Quando me abaixei para falar com um homem deitado no chão e cujo braço estava partido em dois, olhei adiante e vi o rosto vincado pelas rugas de um velho com longos cabelos grisalhos, a cabeça repousada na areia, os olhos vidrados em mim. Arrastei-me até ele e fechei seus olhos, peguei um lençol para cobri-lo, tentando fazer algo por ele para que não ficasse ali, morto e abandonado.
Um menino que fora jogado mais longe que os outros estava sendo amarrado numa maca pelos paramédicos. Falei com ele, dei-lhe um sorriso aberto e lhe garanti que ficaria bom! Seus olhos e sua boca estavam cheios de sangue, mas pareceu-me que me via e que sorriu de volta. Morreu depois no helicóptero que o levava para Grand Junction.

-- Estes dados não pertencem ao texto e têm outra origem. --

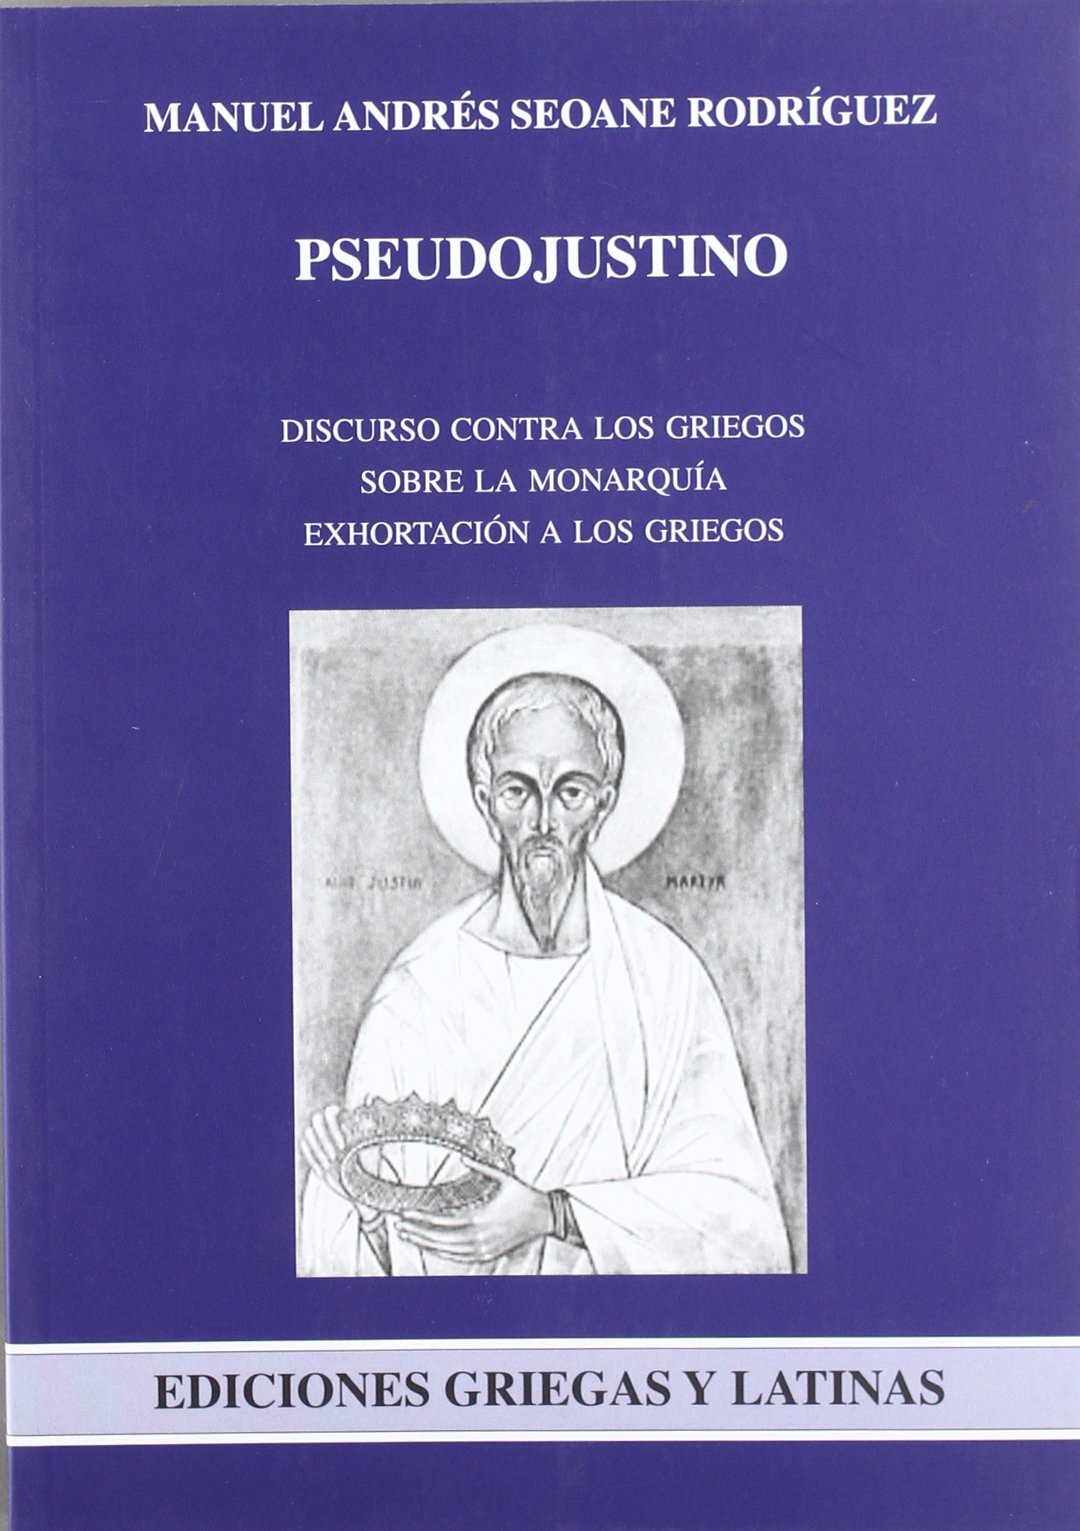 Imagen de portada del libro Pseudojustino

Quando todos os outros haviam sido levados, Anna e eu já estávamos apaixonadas por nosso intérprete, Juan. Tinha 27 anos, falava inglês perfeito e tinha a cabeça coberta por cabelos grossos e encaracolados. Enquanto uma paramédica navajo cuidava dele, com Anna e eu ao lado, disse que estava com vergonha por não cortar os cabelos há tanto tempo. Anna pegou a bagagem dele no caminhão capotado: um saco de supermercado com meias dentro. Juan tinha quatro ferimentos na cabeça e os cabelos grossos haviam ajudado a controlar o sangramento. Estava entrando em delírio quando finalmente o colocaram na ambulância. Quando percebeu que íamos nos separar, entrou em pânico e ergueu-se da maca na minha direção.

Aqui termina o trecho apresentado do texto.